Threads can act as synchronization points for pairing and exchanging elements internally. Each thread provides objects when it enters an Exchange method, matches the partner thread, and receives its partner’s object when it returns. A switch can be thought of as a SynchroniuzedQueue in a bidirectional form. Switches can be useful in applications such as genetic algorithms and pipeline design.
A wrapper tool class that is used to exchange data between two worker threads.

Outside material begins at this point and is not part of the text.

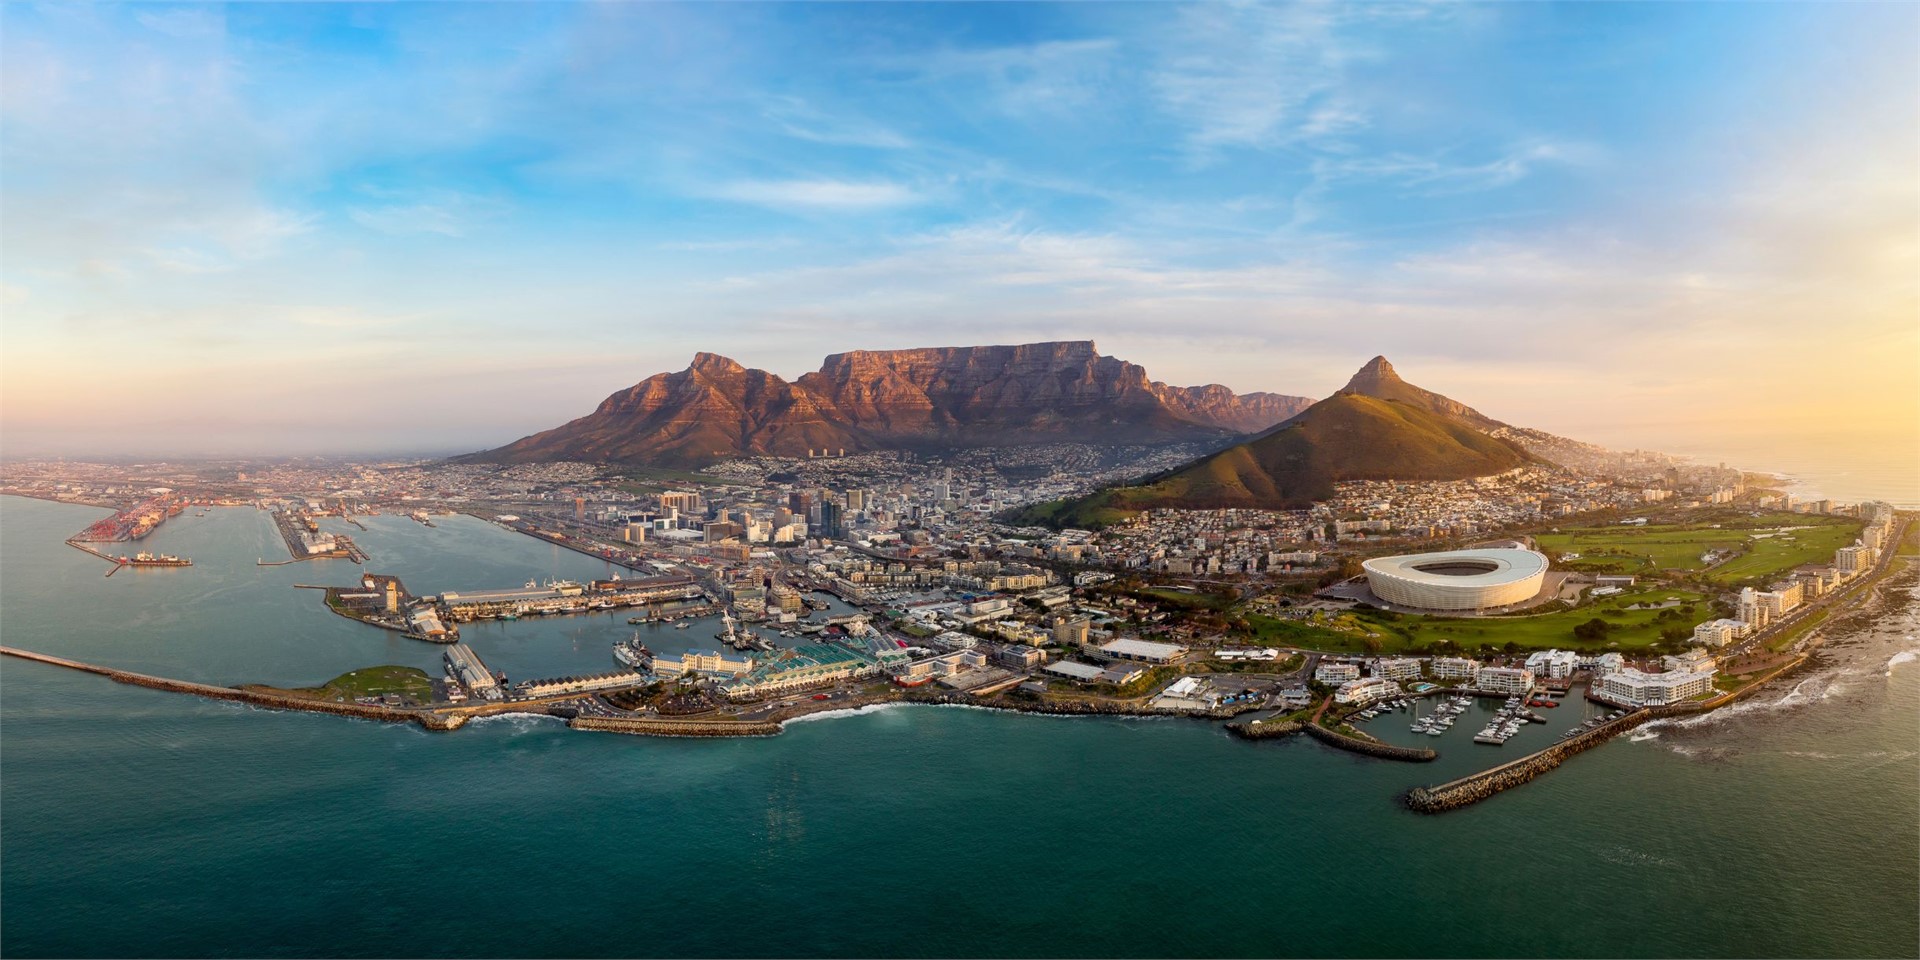 Hotels and accommodation in Cape Town, South Africa
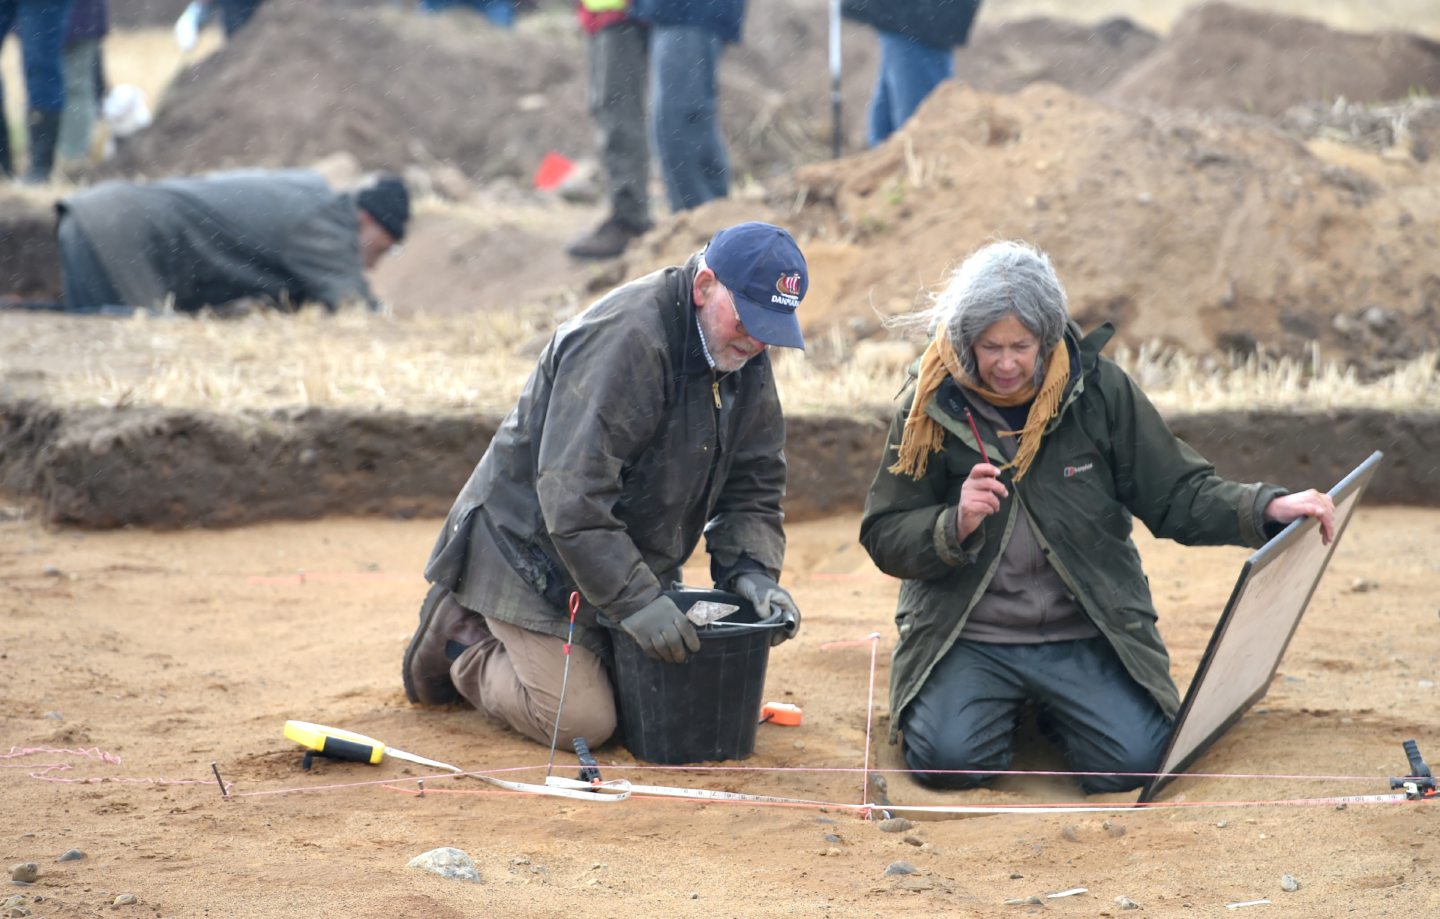 The public got a chance to view the archaeological dig as works continue and it nears its completion at the Tarradale  burial site near Muir of Ord. Picture by Sandy McCook

Simply put, when one thread wants to exchange data with another thread after completing something, the first thread to retrieve data will wait for the second thread to arrive with the data before exchanging the corresponding data.天安门事件
Exchanger usage
- Sanodomain Generic type, in which V indicates the data type that can be exchanged
- Non-recovery: Waits for another thread to reach the exchange point (unless the current thread is interrupted) and then transmits the given object to the thread and receives its object.
- V V (Non-recovery) : Waits for another thread to reach the exchange point (unless the current thread is interrupted or the wait time specified by the class is exceeded) and then transmits the given object to the thread and receives its object.
Application scenarios
Sano1100it is used in the genetic algorithm, which needs to select two people for mating, and the data of the two people is exchanged and the crossover rule is used to obtain two mating results.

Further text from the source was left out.